What you should do: Omit the images and reproduce the rest of the entries exactly.

Exercise inputs:
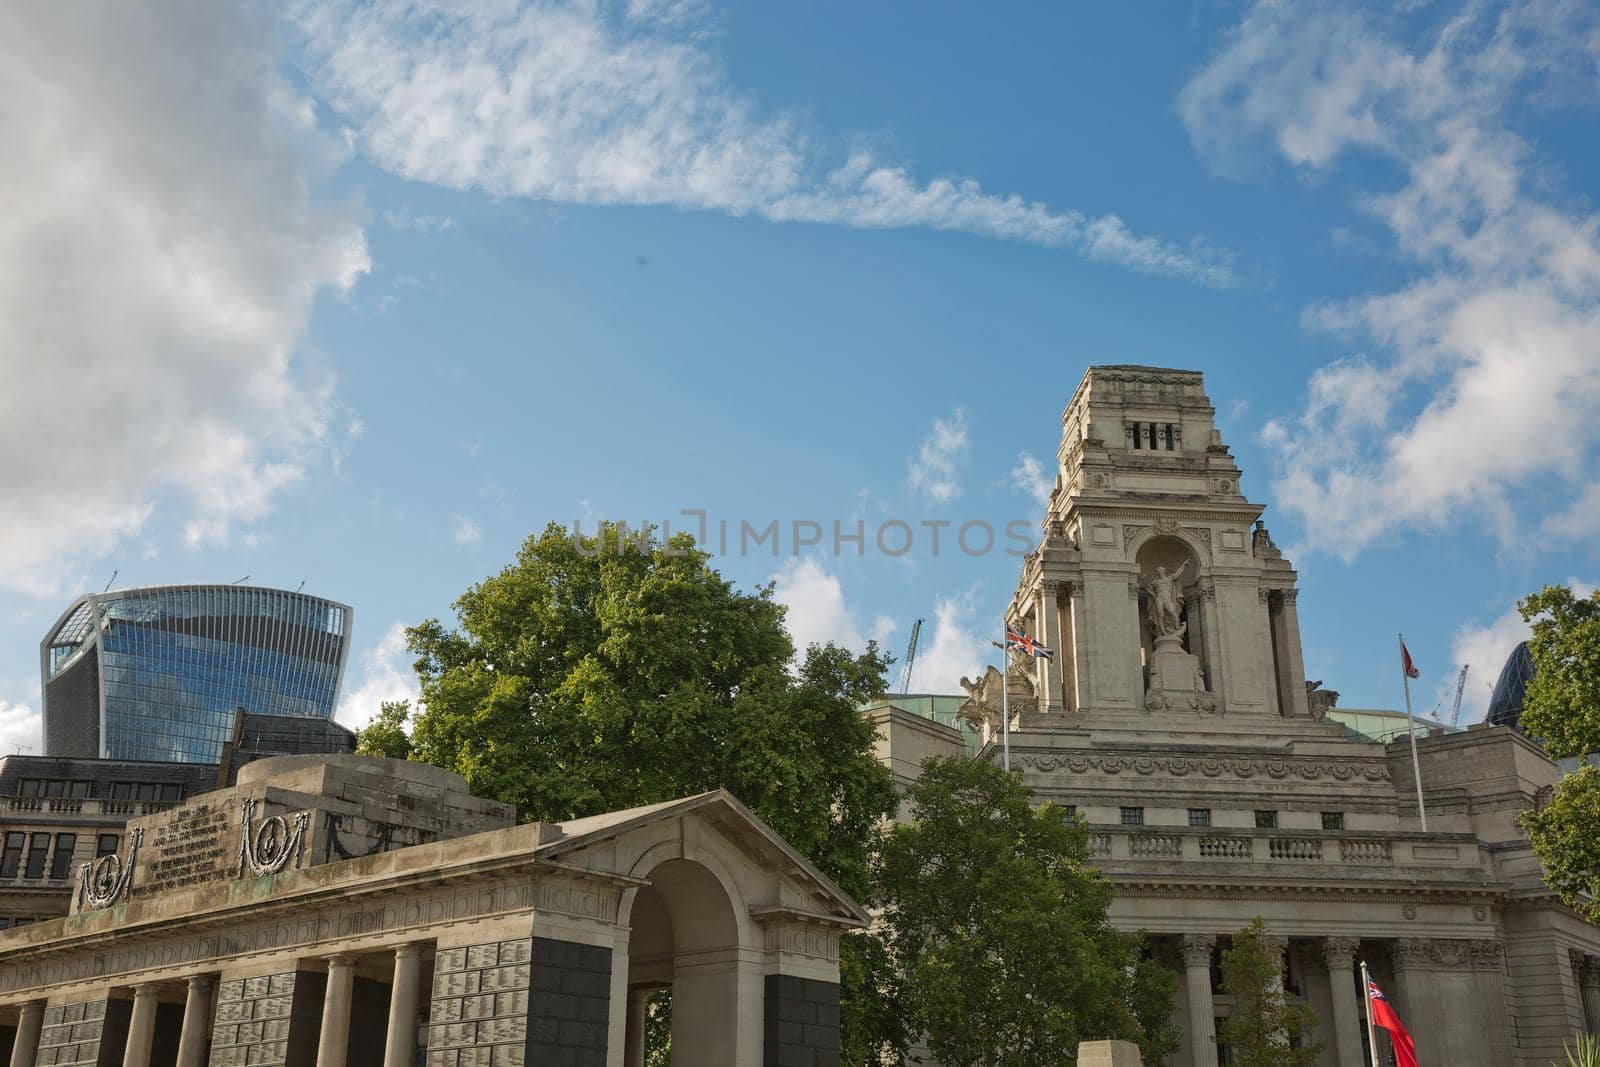 LONDON, UK - SEPTEMBER 08, 2017: View of architecture of the city of London in UK alongside the riverbank of River Thames.
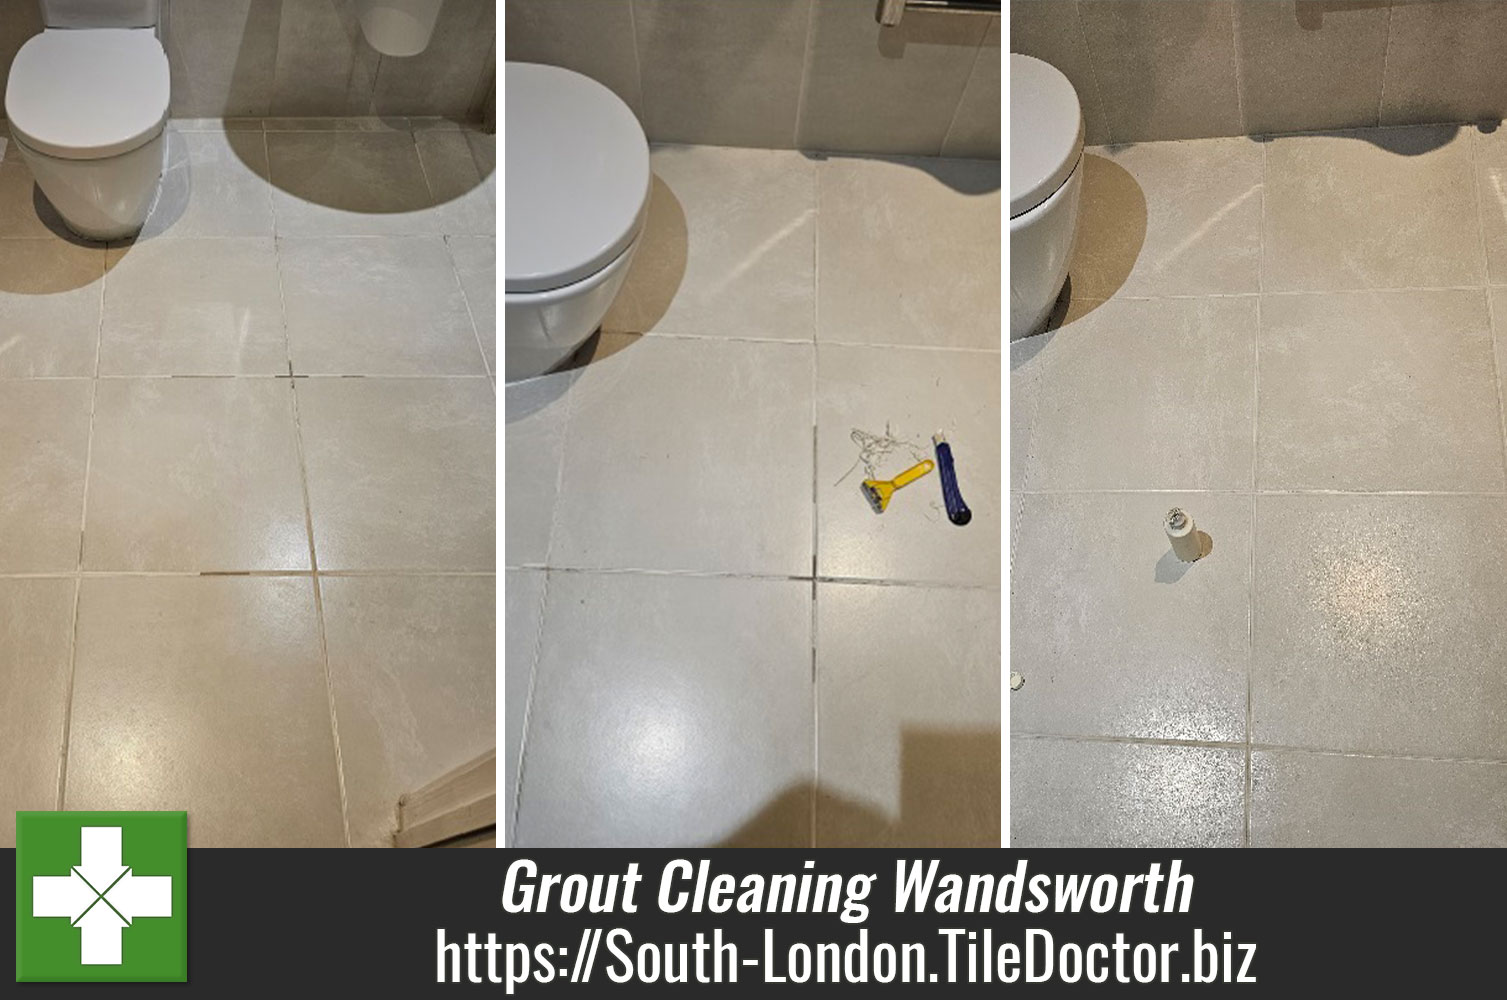 Tile Doctor Grout Colourant Used to Restore a Porcelain Tiled Bathroom Floor in Wandsworth
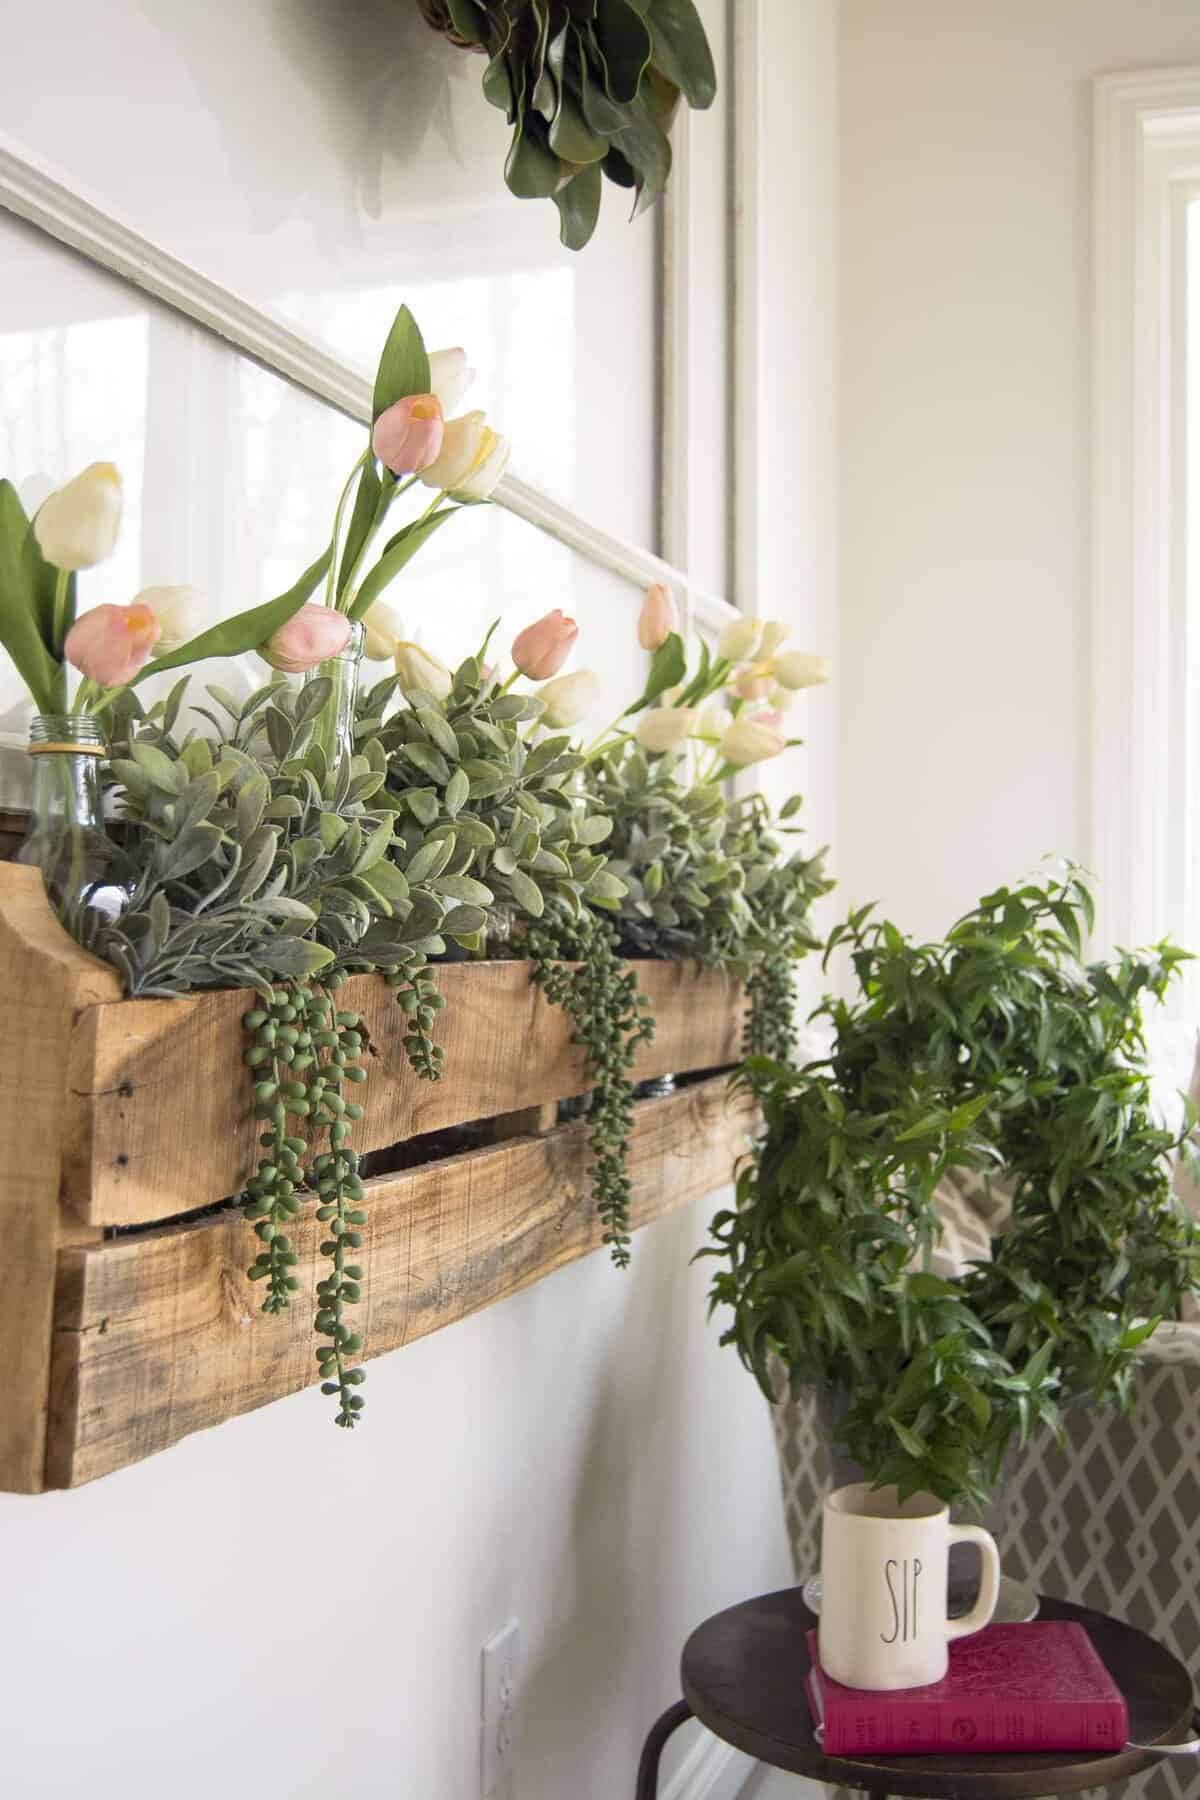 Are you looking for an easy way to bring the outdoors in without any fuss? Today I'm sharing my indoor faux window box idea for how to create an outdoor space right inside your home. No dirt. No watering. No sun needed.
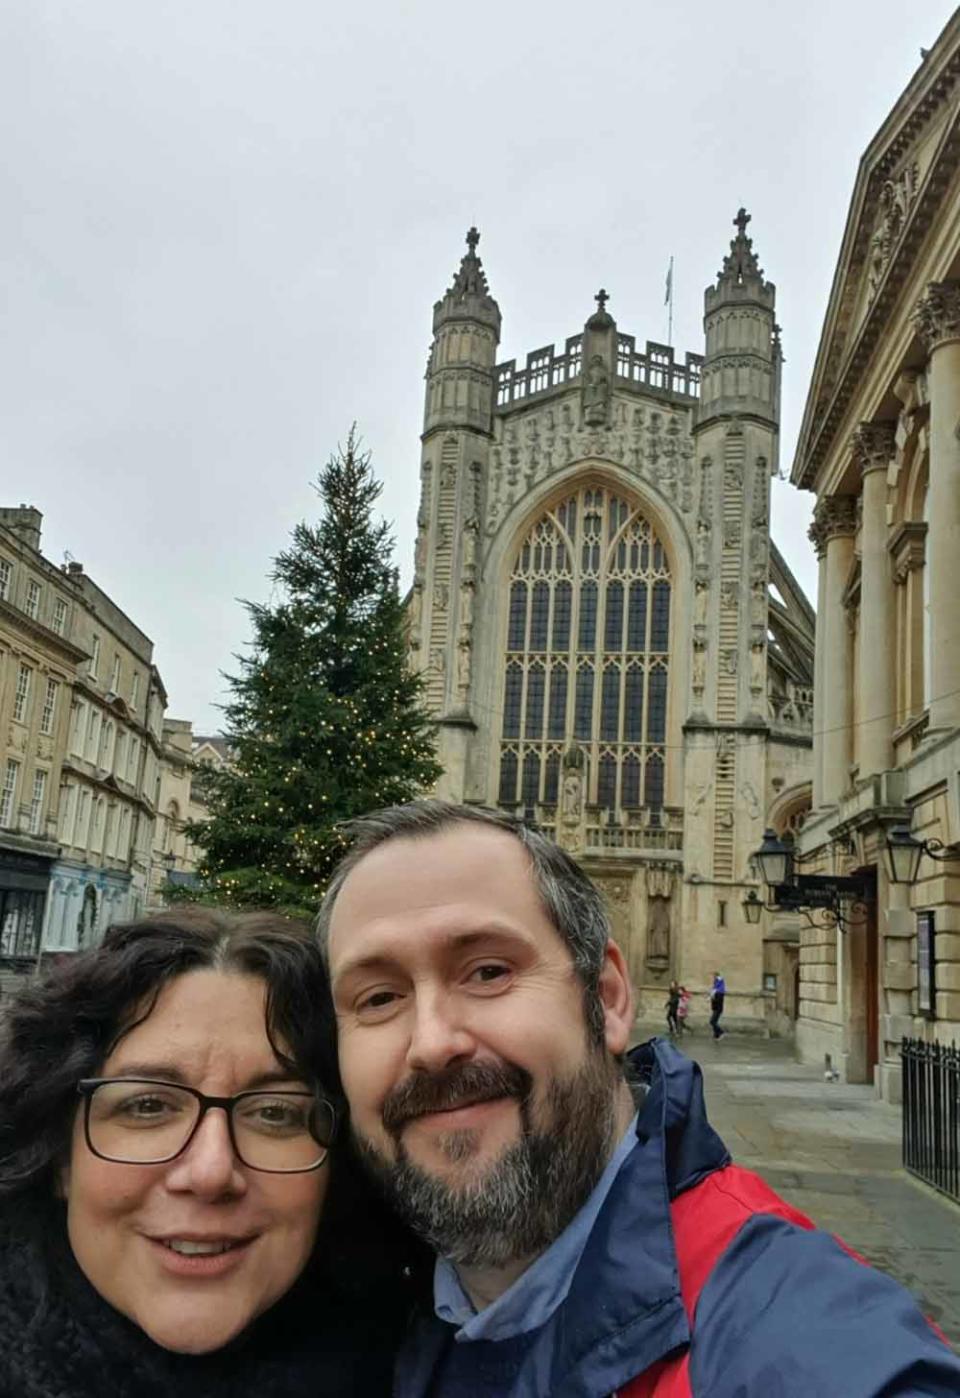 Carl and Susannah in front of Bath Abbey in December 2020 (Collect/PA Real Life).
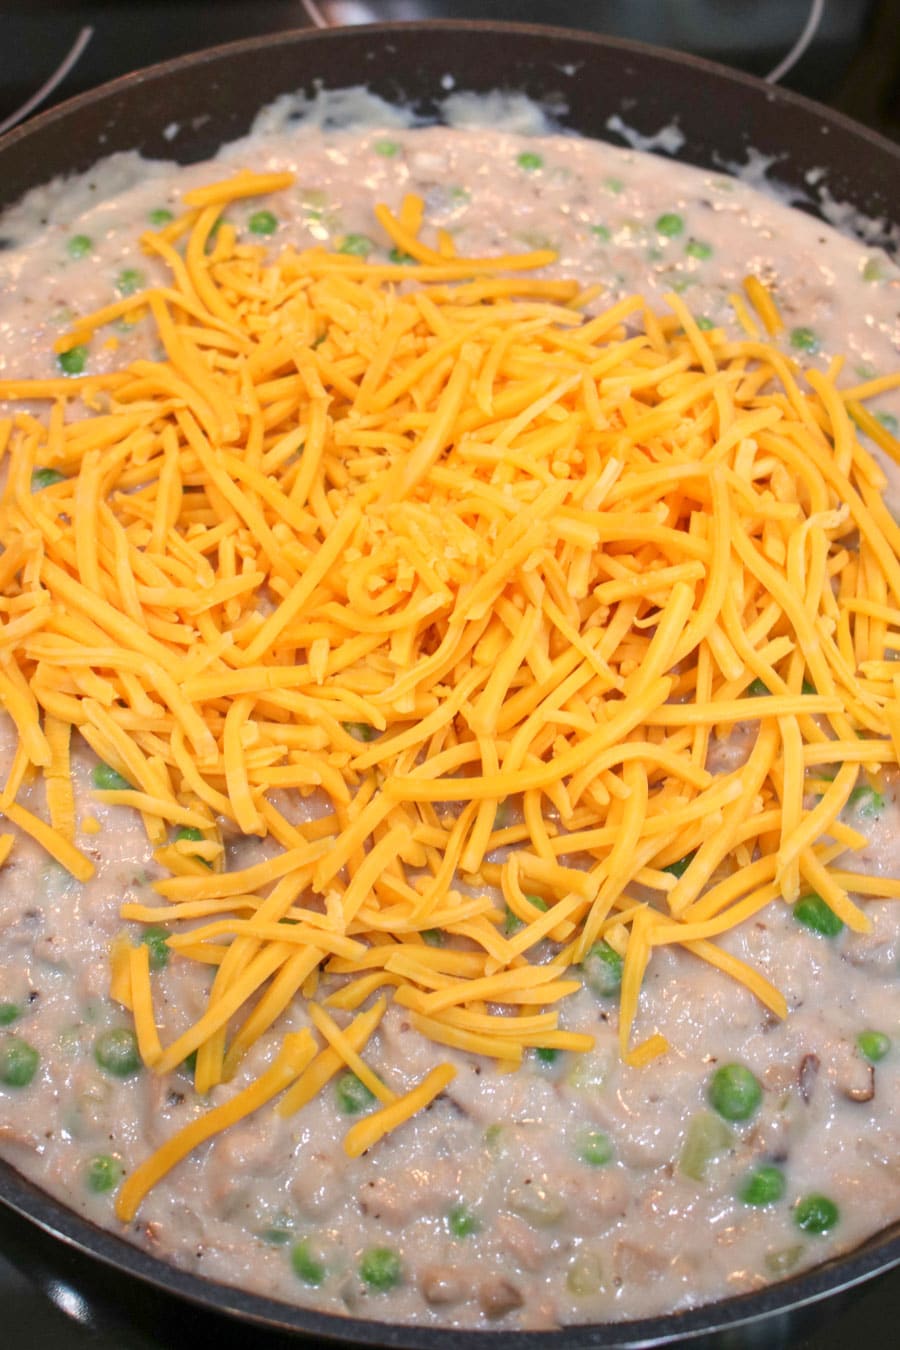 Tuna noodle sauce with peas and cheese added

Reply:
 LONDON, UK - SEPTEMBER 08, 2017: View of architecture of the city of London in UK alongside the riverbank of River Thames.
 Tile Doctor Grout Colourant Used to Restore a Porcelain Tiled Bathroom Floor in Wandsworth
 Are you looking for an easy way to bring the outdoors in without any fuss? Today I'm sharing my indoor faux window box idea for how to create an outdoor space right inside your home. No dirt. No watering. No sun needed.
 Carl and Susannah in front of Bath Abbey in December 2020 (Collect/PA Real Life).
 Tuna noodle sauce with peas and cheese added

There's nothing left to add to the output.